Some people have all the luck


----------



## znapschatz (Feb 28, 2016)

Pugg said:


> Some people have all the luck


Well, seriously, much more than to what I should have been entitled. But that's a subject for another venue


----------



## Der Fliegende Amerikaner (Feb 26, 2011)

Please see this article where the NY Times reviewer attended the same opera 9 times each time sitting in different sections:
http://www.nytimes.com/2013/11/24/a...-the-mets-norma-from-9-perspectives.html?_r=0

I started this thread 9 years ago on a travel forum:
http://www.flyertalk.com/forum/new-york-city/709782-met-opera-side-boxes.html

Since then I've attended over 20 performances at the Met and I've sat in every section except for Center Parterre.

My favorite sections are the front rows of the Grand Tier or Dress Circle. The front Grand Tier is nice for the view and the sound. The front Dress Circle I think offers even better sound and a decent view so therefore is often a better value.

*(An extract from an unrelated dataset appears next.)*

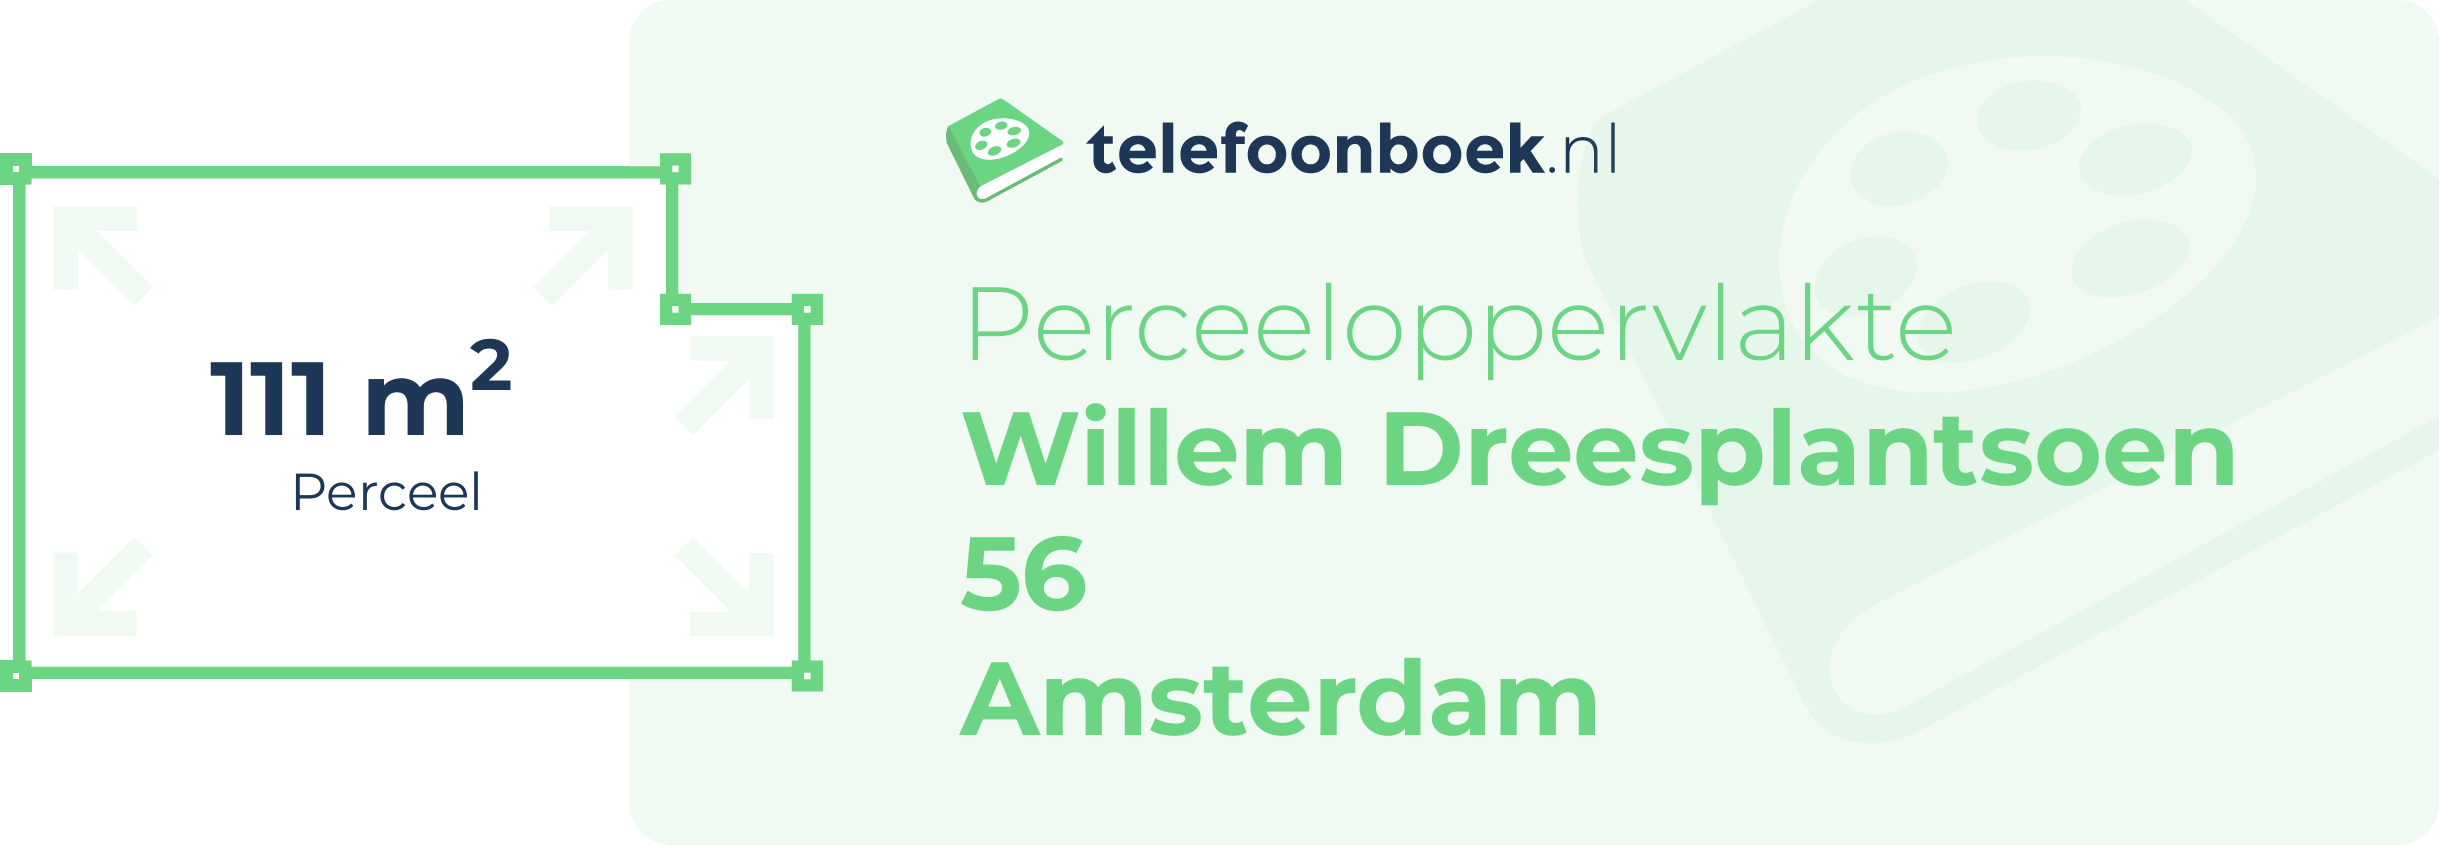 Perceeloppervlakte Willem Dreesplantsoen 56 Amsterdam

Some people say that the Balcony offers the best sound. It's a little too high up for my taste.

I once sat in the Family Circle for La Traviata (Zeffirelli production). Maybe it was me but I had trouble hearing Angela Gheorghiu.

I usually avoid the Orchestra like the plague but since I wanted to take my 2 year old daughter to her first Met performance 5 months ago, I got front row Orchestra tickets for the family presentation of The Barber of Seville. I was quite pleased with the sound and of course the view (BTW, Isabel Leonard is very attractive).

I'll also avoid the side boxes. I once sat in the Side Parterre for L'Elisir with Anna Netrebko/Matthew Polenzani/Mariusz Kwiecien) and another time in the Dress Circle for Rigoletto (Schenk production) with Diana Damrau (and others I don't remember). Both times I was disappointed with the sounds since it sounded "off" which of course it was because I was so off to the side.

Finally, and I know this is off topic, best acoustics I've experienced is third level right box 17 at La Scala for La Traviata with Zeljko Lucic/Diana Damrau/Piotr Beczala


----------